Like Crazy
Like Crazy- Out in UK cinemas 27th January 2012
★★★
If 500 Days of Summer was your thing, then Like Crazy will suitably quench that bittersweet thirst for an indie rom-com.
Focusing on first love and its resilience over time and geographical distance, the frustratingly hard-boiled drama depicts the journey of young lovers, Anna (Felicity Jones) and Jacob (Anton Yelchin), as they try to keep their relationship together.
A Grand Jury prize favourite at last year’s Sundance Film Festival, Like Crazy chronicles the fellow-student’s love through a series of snap-shot moments, starting in an LA college car park where, in a true ode to modern times, Anna leaves a love letter on Jacob’s car. From here a tender and deeply moving relationship begins to unravel.
Natural Bond
The film’s greatest credit is the natural magnetic bond between Jones and Yelchin, which is understated but engaging and bolstered by director, Drake Doremus’s trademark preference for skeletal story over script.
This is at its best in the second two-thirds of the film, when Anna overstays her visa and has to return to her native London, forcing the pair to battle to preserve a love that lies just out of reach.
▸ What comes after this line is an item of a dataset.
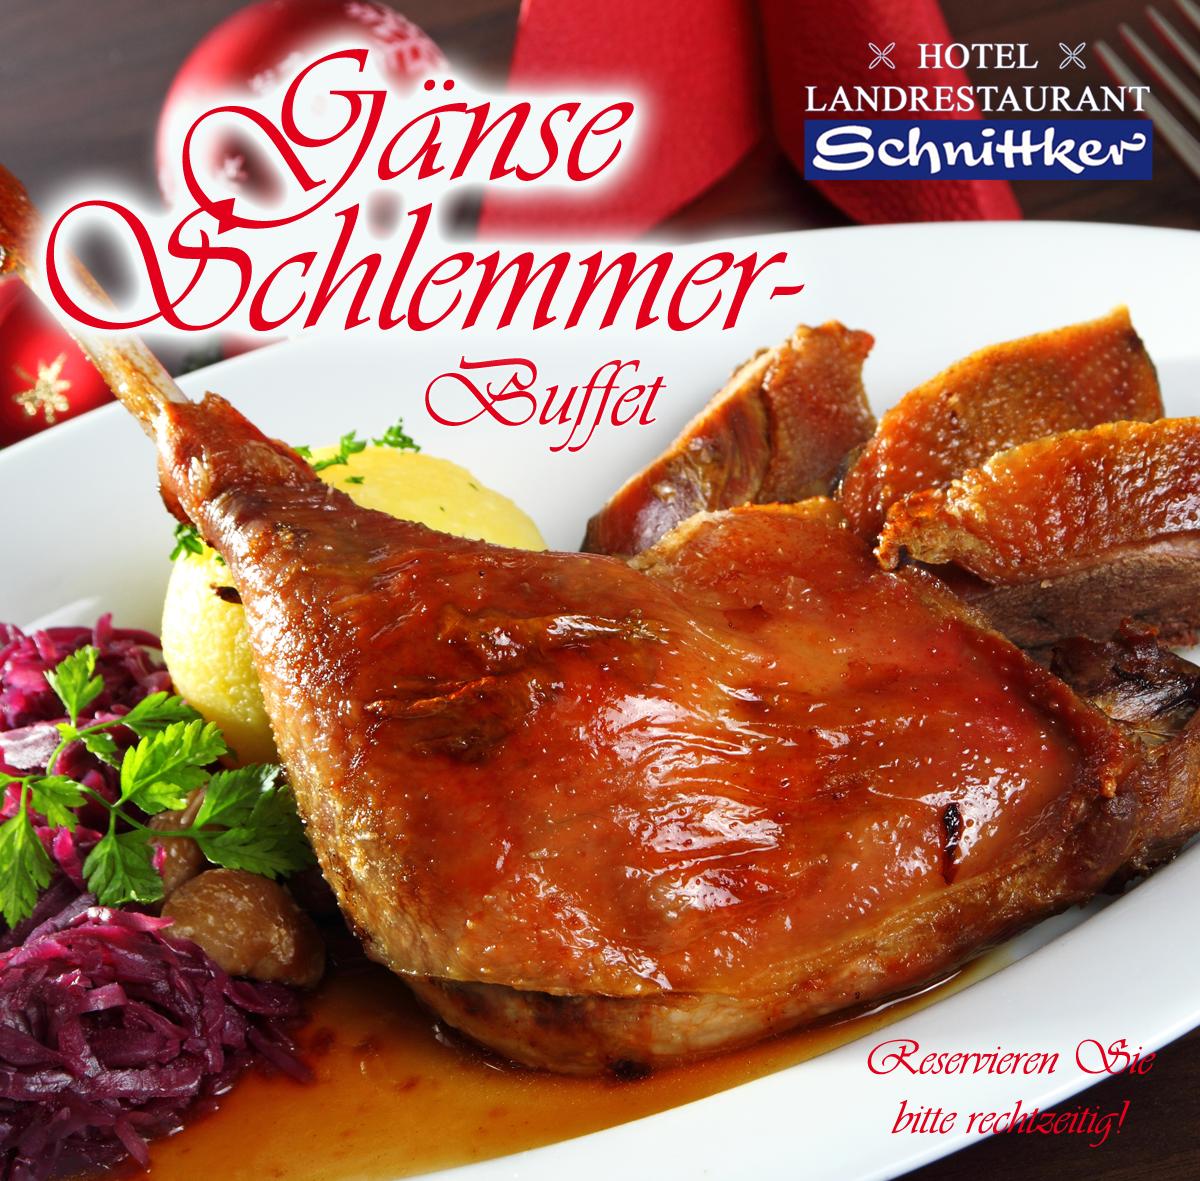 new style 875ea c3ab6 Gänse Schlemmerbuffet - Hotel & Landrestaurant-Schnittker

The film ensues, hopscotching between London and LA, from key moment to key moment, which can be jarring at times and asks the audience to accept major changes in each character’s life, with little explanation or attention to motives. The transition through time is, however, beautiful. Doremus employs a collection of attractive montages and intriguing sequences played out in triple time, to maintain a sense of closeness with the characters, which proves emotionally intense and is often heart-breaking.
Cementing Doremus as an indie-film poster-boy, following the success of Douchebag, Like Crazy typically avoids mainstream melodrama and fairy tale endings, preferring to evoke a sense of realism with the notion that the reality of being together is often as challenging as being apart, while questioning whether love does, or ever should, conquer all.
Blurring the lines between true love and infatuation, this gender-friendly story is so intimately told that it even manages to drive the viewer a little crazy at times.